Well after midnight, Smith and Davidson took their leave of the President-elect at Union Station. General and Mrs. Eisenhower spent the night in their Pullman car on the train. Mrs. Eisenhower had been an active participant throughout the discussions. Davidson recalls that "she gave me the impression of being much more political than Ike."

In Eisenhower’s memoirs he recalls that "In a Detroit speech on October 24, I announced my intention, if elected, to go to Korea before the following January and to determine for myself what the conditions were in that unhappy country." For some days Eisenhower and his closest advisers had been discussing the wisdom of making this dramatic proposal public.[22] Once it was announced, the idea was very well received and, in fact, has been cited by many observers as having clinched the Eisenhower victory 10 days later.

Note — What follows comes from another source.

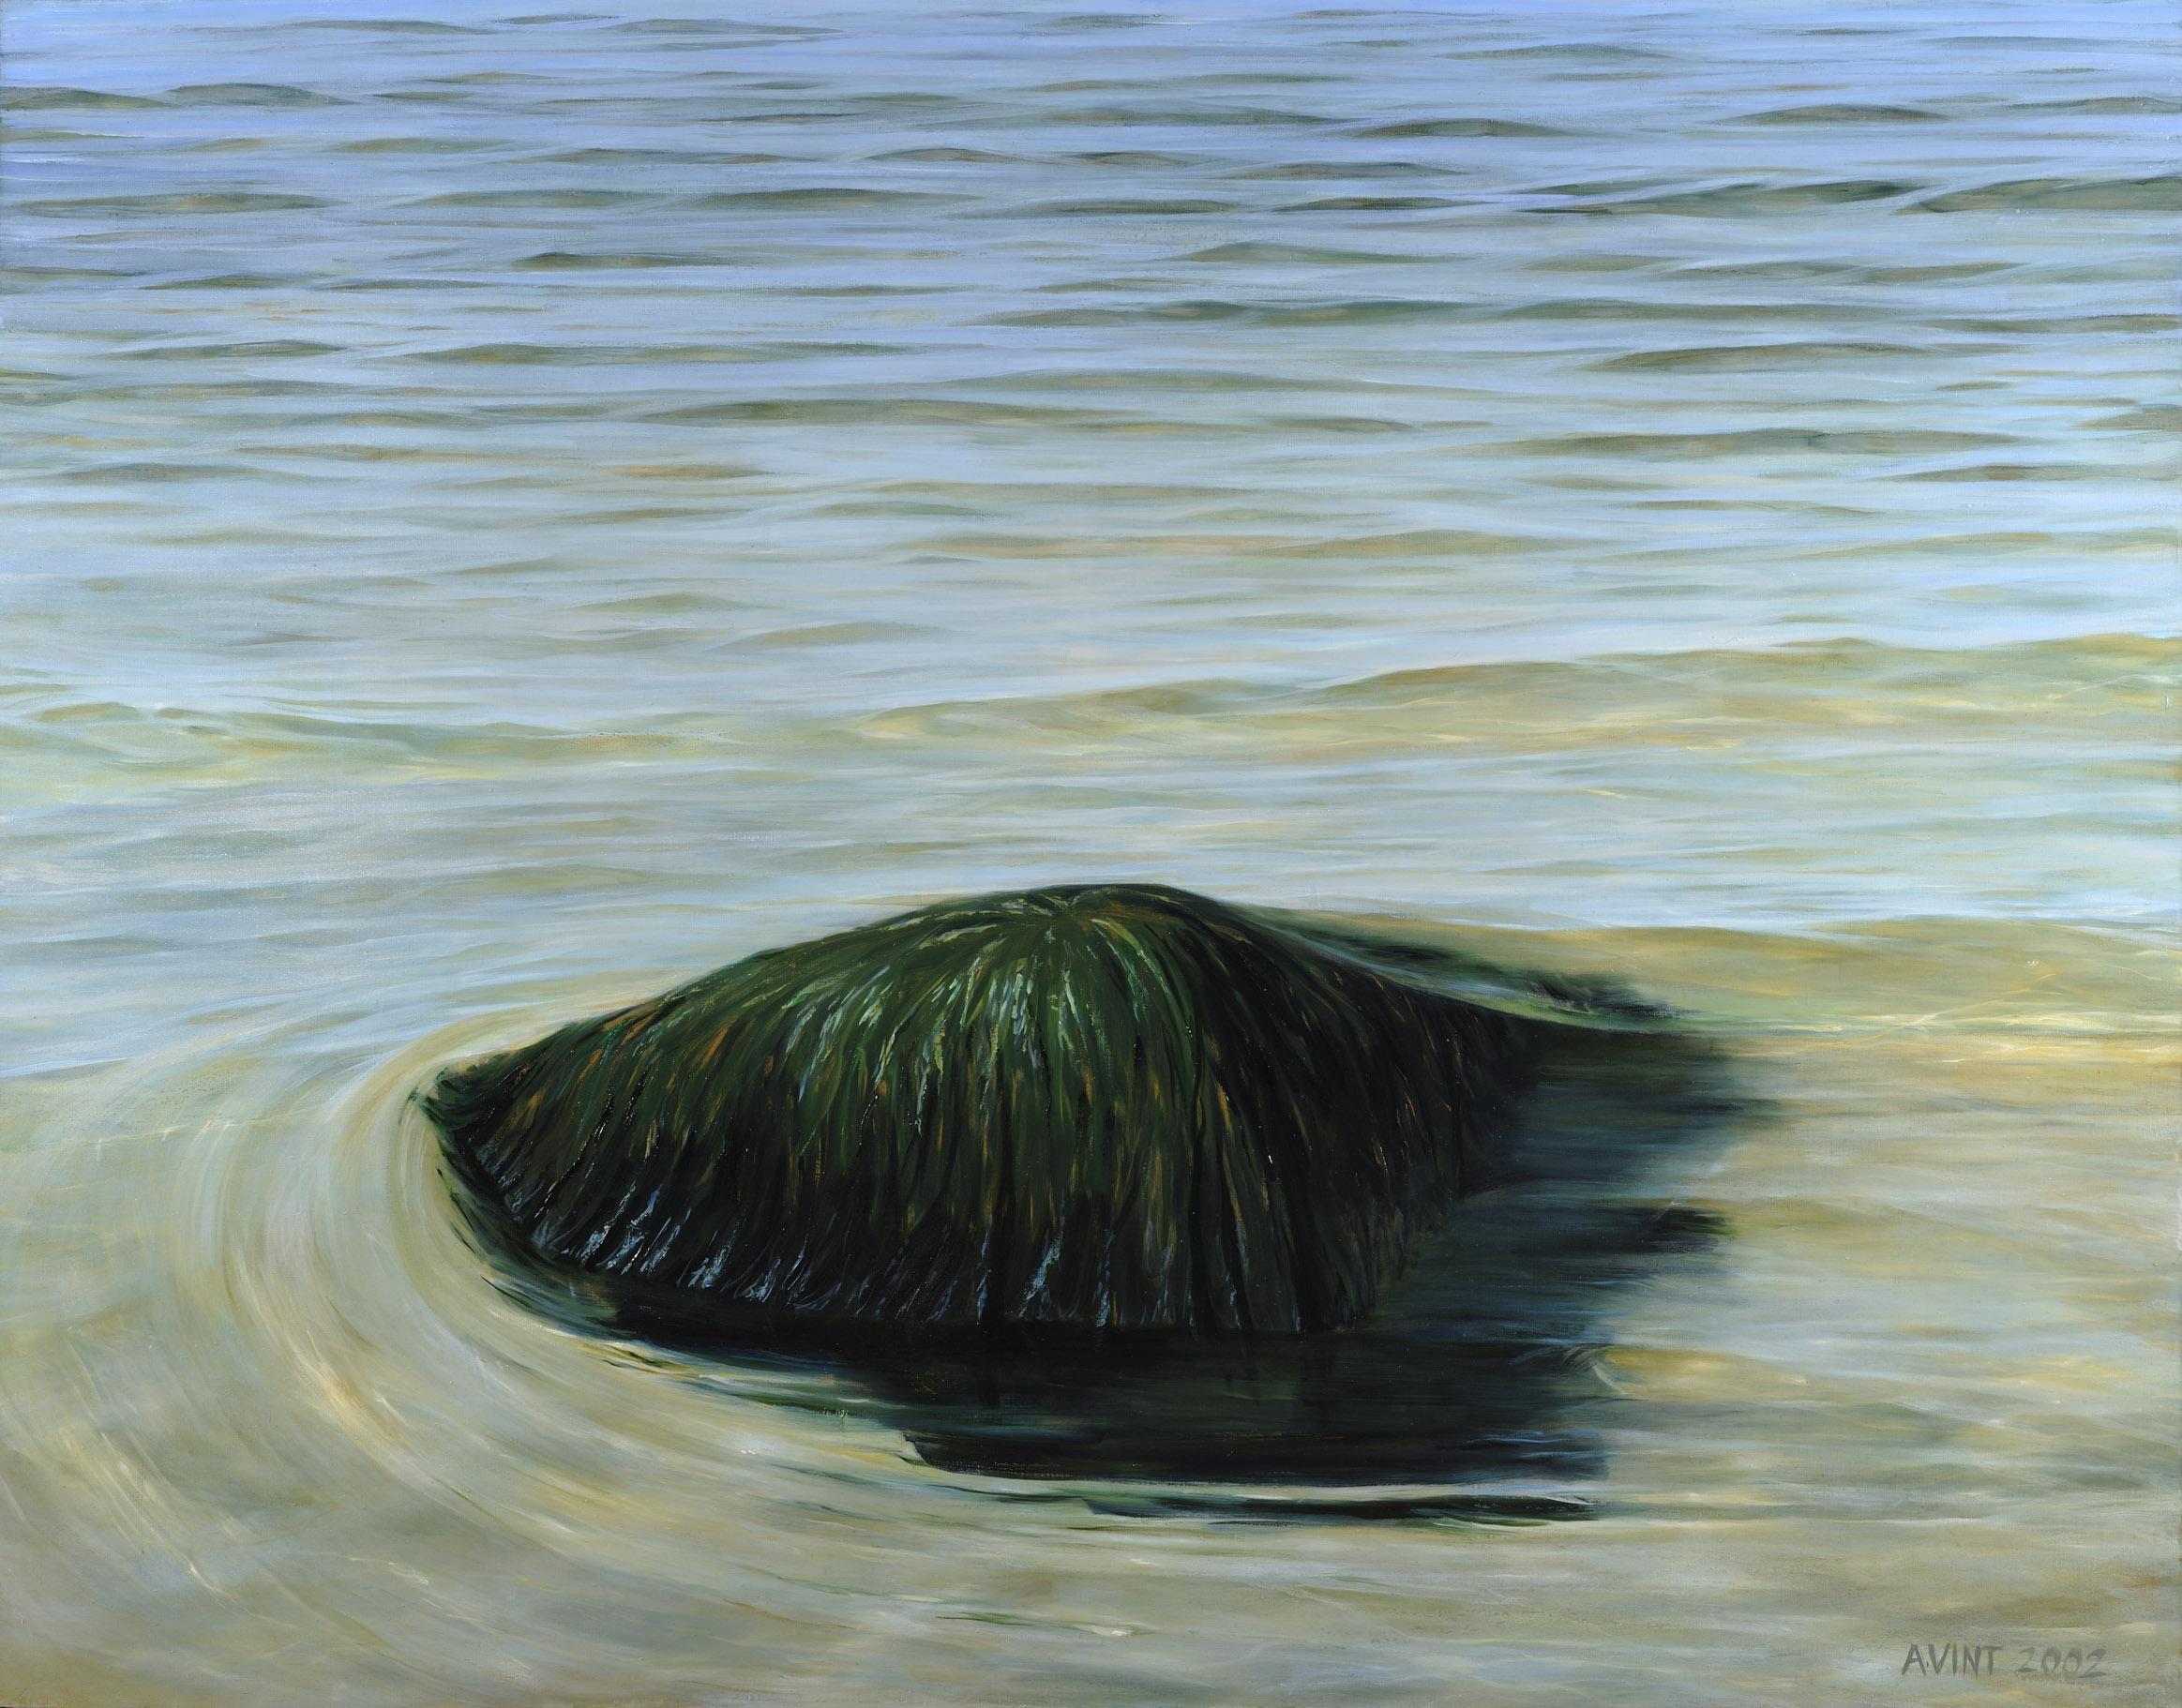 006  stone in coastal water 2000 oil on canvas 150 x 175cm kivi rannavees.jpg

After the election, while preparing for his trip to Korea, Eisenhower telephoned Smith to inform him that he was not comfortable relying exclusively on US Army information regarding what was going on in Korea; he wanted the DCI to come to New York to give him the Agency’s independent assessment. The President-elect called at virtually the last moment and emphasized that their visit should be given no publicity.

In keeping with their interpretation of Eisenhower’s instructions, Army security officers took Smith and Davidson to the briefing location in New York via a circuitous route. The two were led in the front door of a drugstore and out the back, for example, in a counterintelligence maneuver that served only to enrage the always-impatient Smith. Ironically, they reached Eisenhower’s office in the Commodore Hotel for an afternoon appointment that had been wedged into a day filled with a dozen other well-publicized visitors. Smith and Davidson were waiting in an outer office as a luncheon group hosted by Eisenhower broke up. Smith was surprised to see Gen. William Donovan, the founder of the Office of Strategic Services, among those leaving the General’s office.

Because the President-elect had requested Smith’s frank and personal assessment of the situation in Korea, the two generals were alone for most of the briefing session. Near the end of the session, Davidson was called in to answer two or three factual questions. Eisenhower departed secretly for Korea early the following day, 29 November.

Smith took very seriously his responsibility to provide an independent assessment. He had insisted that his CIA staff derive facts about military developments from the US Army and Navy but jealously guarded his prerogatives as DCI to make assessments and estimates based on those facts. By chance, Smith and Davidson ran into John Foster Dulles in the lobby of the Waldorf Astoria hotel shortly after they had seen Eisenhower at the Commodore. Dulles elicited confirmation that they had seen Eisenhower and asked what they told him. Smith responded with a curt, "That’s between him and me."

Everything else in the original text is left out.